JW: Let’s talk about the found object in your work, because to me that’s a through-line…working with things that are already there in some way. You have words as givens, as found objects that you then take apart and put back together. And when you take them apart, you’re asking us in a way to “unknow” them and then “reknow” them. But it seems to me that we could look at the notion of the still life as another given, we can look at that tradition as another found object that you also take apart and layer and play with and use as a way to ask us to think about perception and thinking and cognition.
LW: Yes exactly. The found object is an interesting way of thinking about the elements I choose to analyze or take apart. I haven’t really thought of those elements in that way. Thank you.
I draw a lot from the language of art history which I think of as a found visual vocabulary or grammar in a sense. I like borrowing and manipulating different aspects from this vocabulary in order to make the familiar unfamiliar.
For example, in this exhibition there is a diptych called inherit. I have painted three objects stacked on top of each other in a realistic Old Master style. They are believably present on a ledge, though precariously stacked. Both panels have the same three objects but stacked in a different order. The word inherit appears on each panel as well, though broken apart into components—“in her it” on one and “it in her” on the other. The words are rendered three dimensionally and are stacked to behave and mirror the still life objects. These are spare paintings and refer to minimalism as a style. They are also conceptual. All of these styles, or found objects, are mixed up and juxtaposed, hopefully prompting viewers to ask questions about how we engage with and think about aspects of language, how the languages we have created shape us and how we can continually shape and change these languages.
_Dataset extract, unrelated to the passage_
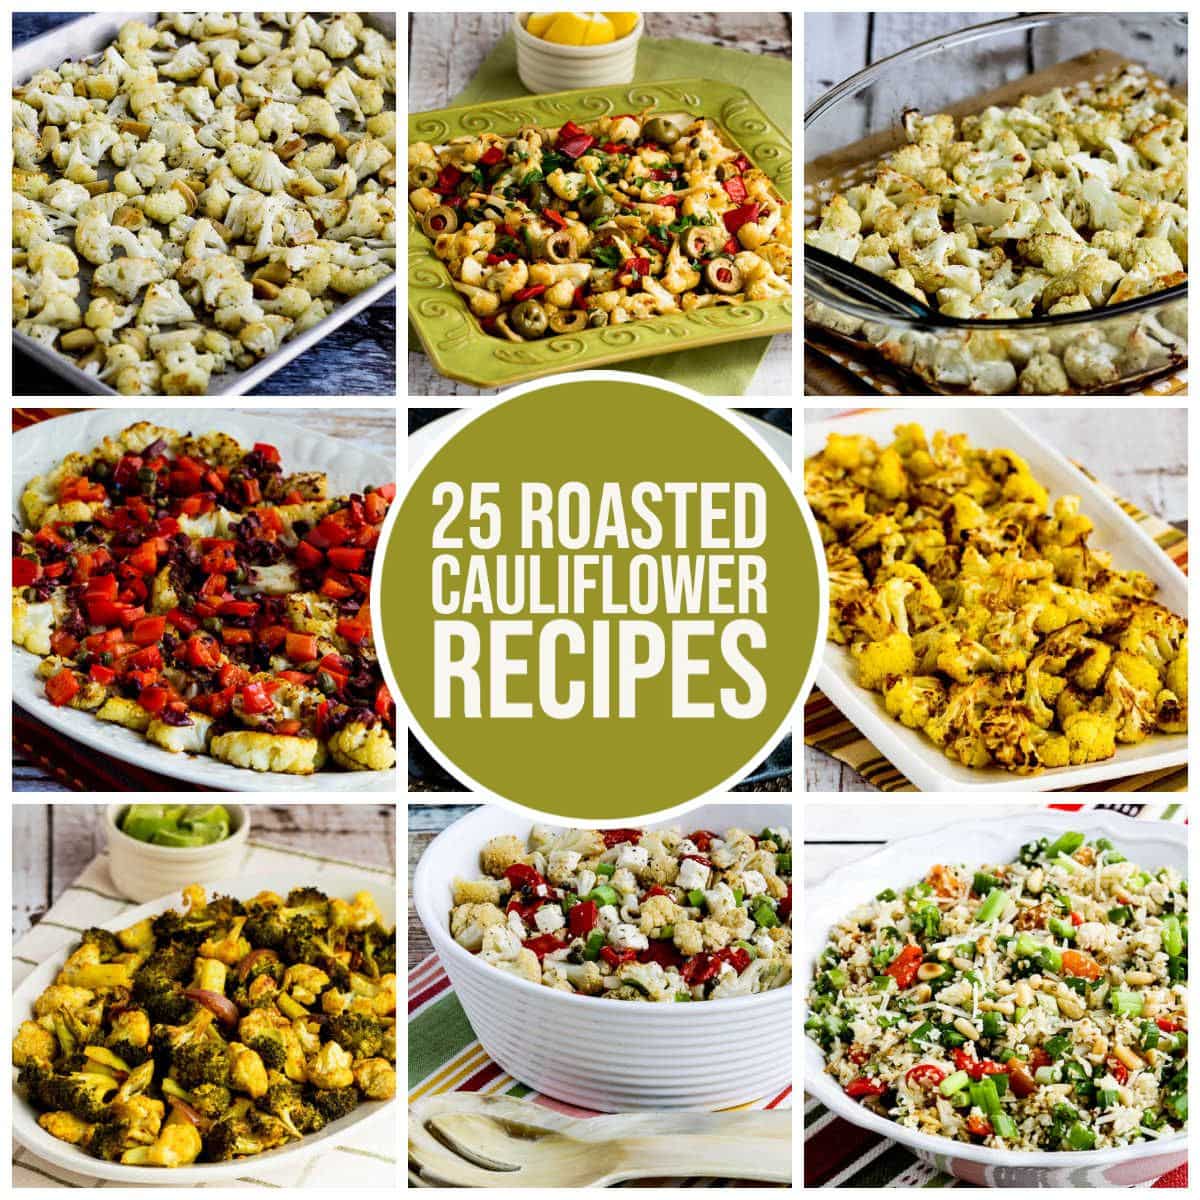 25 Roasted Cauliflower Recipes collage of featured recipes with text overlay

JW: So sometimes we’re looking at the window and sometimes we’re looking through the window.
JW: Do you ever have an urge to paint great big pieces?
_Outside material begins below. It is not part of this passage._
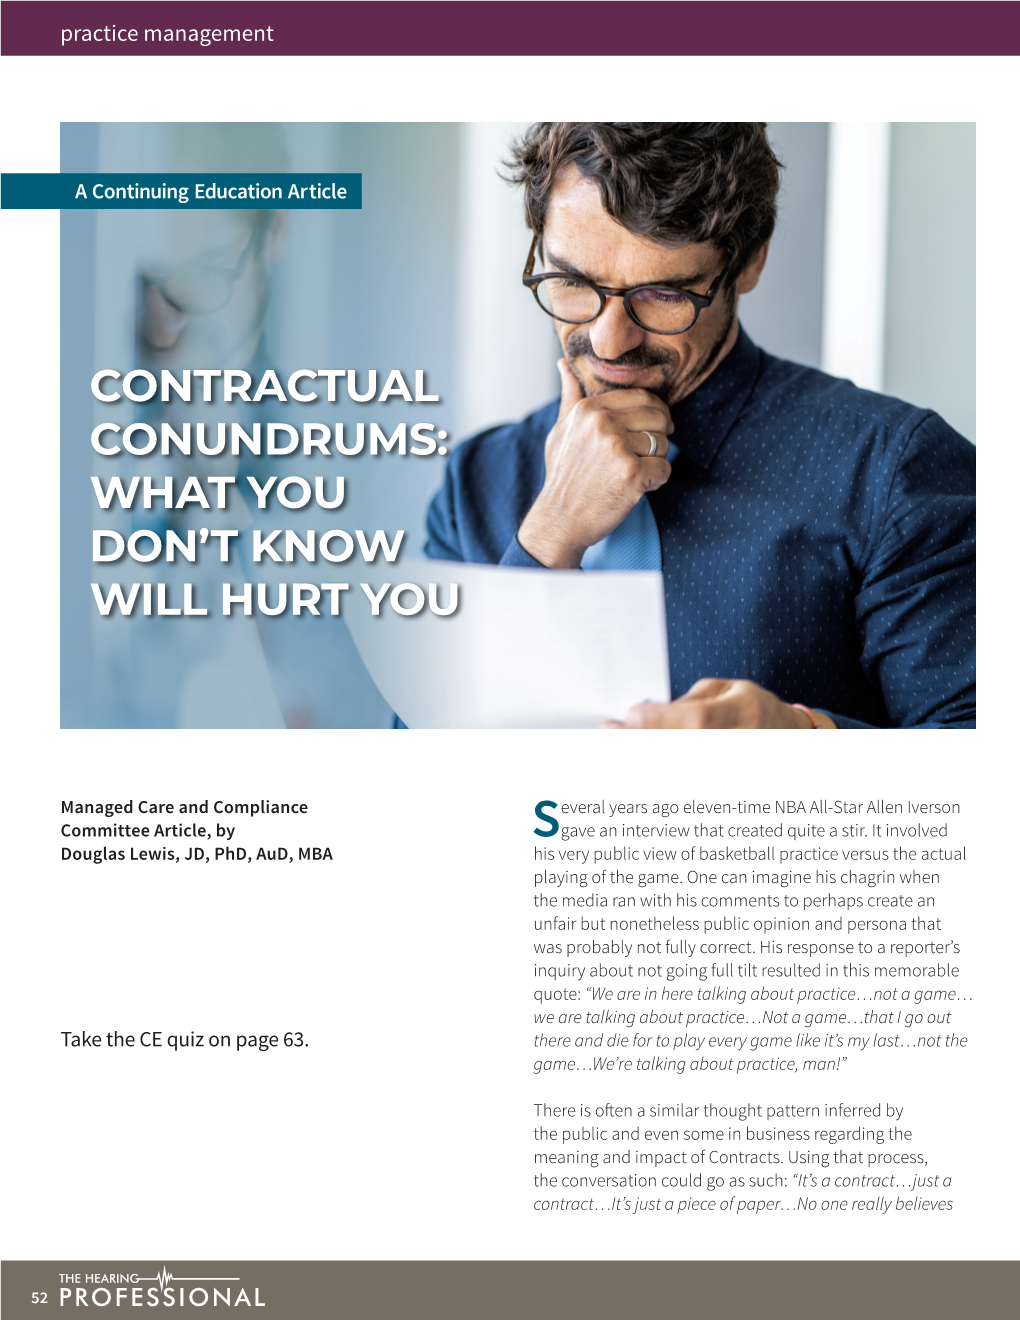 Contractual Conundrums: What You Don’T Know Will Hurt You

LW: No. I think on some level it’s intimidating. On another level, I feel like that’s what guys do. I’m also more interested in the small, intimate, quiet thing that might speak more powerfully than it appears. And then the other practical rule is that it has to fit in my car.
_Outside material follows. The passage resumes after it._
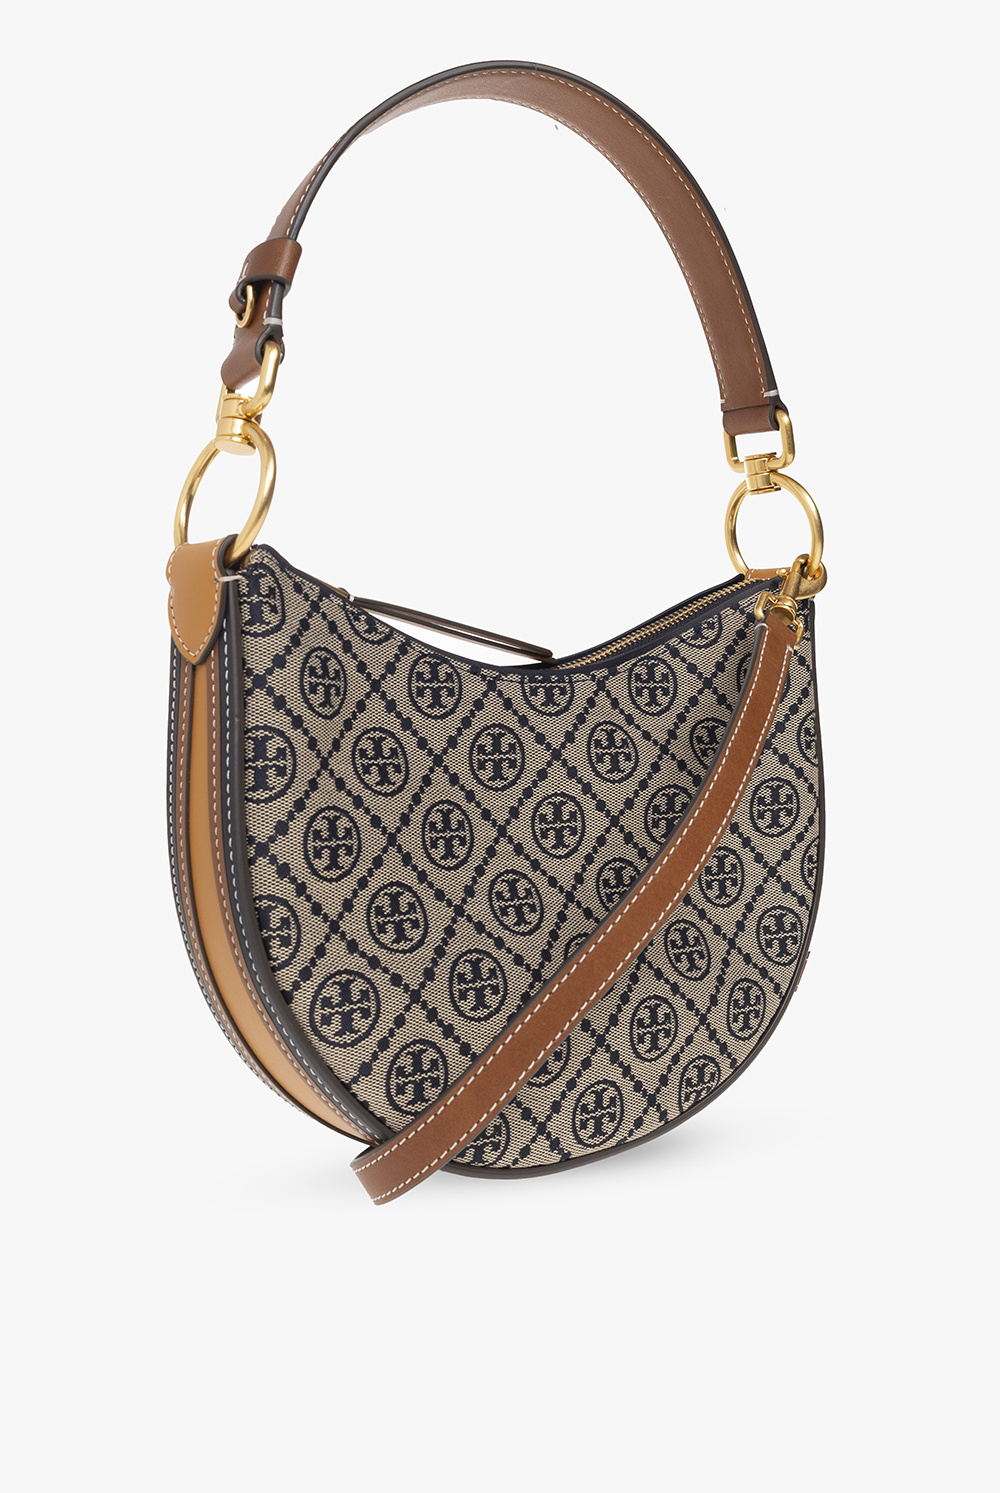 Tory Burch T Monogram Jacquard Small Tote in Blue

JW: Right! John Baldessari once commented that all of his early work was the size it was because that was the biggest canvas that would fit in the back of his van. It also reminds me of something one of my teachers, David Antin, once said to his students: real artists are always practical—you have to make something you can actually make, something that you have the resources to make, and not just dream about things that are too big or too expensive, or that you don’t actually know how to make.
Now, these works definitely have an intimacy, but you were talking about COVID, and I see other social resonances in this work. I can’t help but notice the sense of brokenness, fragility. Can you talk more about that?
LW: For me, the broken cups have become representative of how broken our society has become in terms of our responses to the COVID pandemic, our fractured politics, and the Black Lives Matter protests. The systems are broken and they need to be reformed and reconfigured. These pieces have been and continue to be a way for me to personally express this feeling of brokenness and to begin to think through or think about metaphors for solutions. Through breaking will we be able to break through?
JW: Thank you, Libby, I think that is an excellent stopping point, underlining the questions your work asks us to contemplate. This has been wonderful. Thank you for your work.